Оставив коня и повозку на дороге – она была малоезженой, – я приблизился к опушке и посмотрел, что впереди. Как и ожидалось, дорога эта вела именно к заставе. Впереди были видны сборные каркасные домики, окрашенные в зеленый цвет, вышка, где маячила фигура часового, также был часовой на въезде у шлагбаума.
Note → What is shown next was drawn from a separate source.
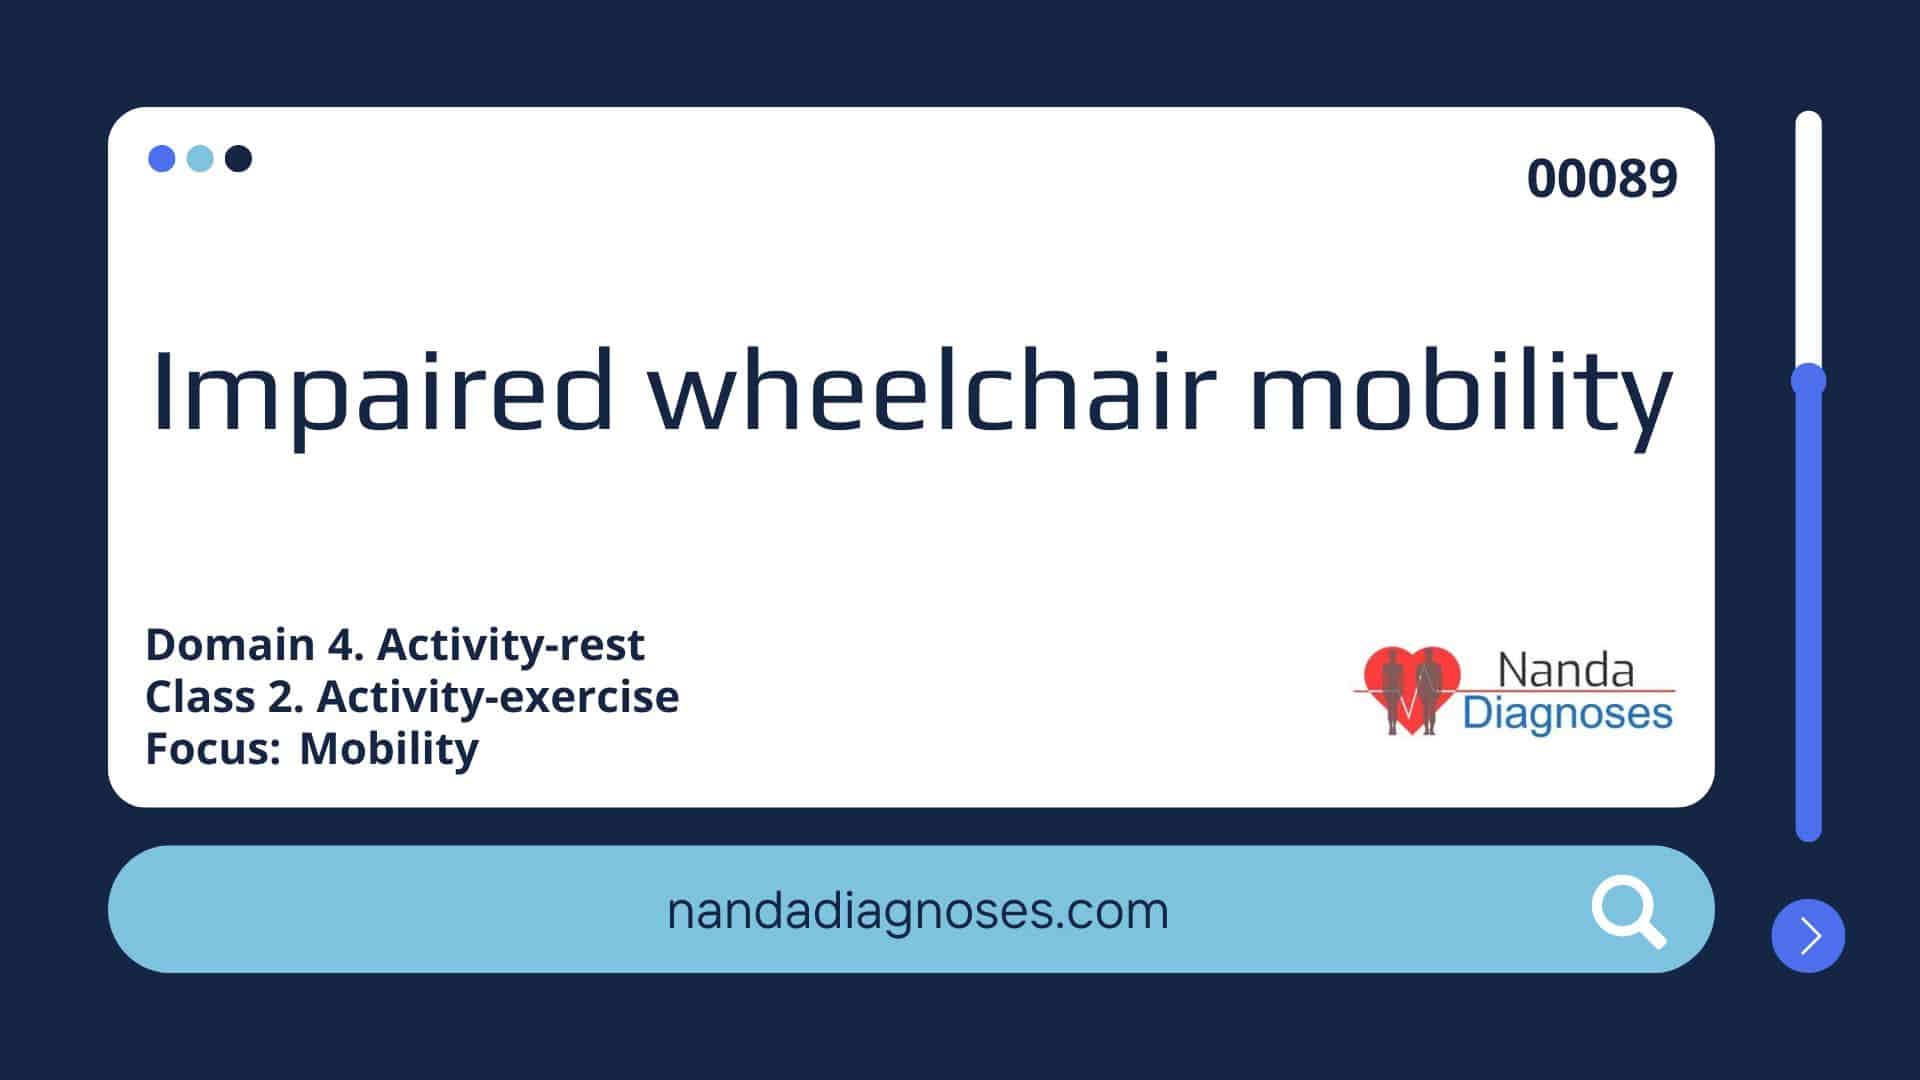 Impaired wheelchair mobility

Чуть сбоку, в низине, которую нельзя было видеть с берега противника, был устроен спортгородок, и там десяток молодых парней в белых майках и синих трусах отрабатывали спортивный наряд. Кто на турнике, кто бегал вокруг площадки, а двое вообще вроде как боксировали. Зрение у меня, конечно, хорошее, но лучше залезть на дерево и воспользоваться биноклем. Заодно и другой берег Буга разгляжу. Полюбопытствую, так сказать.
Поднявшись по ветвям осины на четырехметровую высоту, я достал бинокль и стал обозревать окрестности. Сидел я, естественно, не на самой опушке, а в глубине леса, так что была надежда, что меня не заметят. Хотя патрули или секреты с тыла заставы должны быть, не могло не быть. Однако я их пока не обнаружил.
Когда, налюбовавшись видом на другой берег, я было собрался спускаться, мне неожиданно повезло. Там как раз шел наряд из двух немцев с овчаркой на поводке. С интересом на них посмотрел, похмыкал и только тогда начал спускаться. Дальше я нашел чуть в стороне место для лагеря и стал его обустраивать.
Думаю, меня обнаружили по едва заметному дымку от костра, на котором начала бурлить похлебка. Мясо уже почти было готово, а крупу я бросил только что. Рядом пыхтел чайник.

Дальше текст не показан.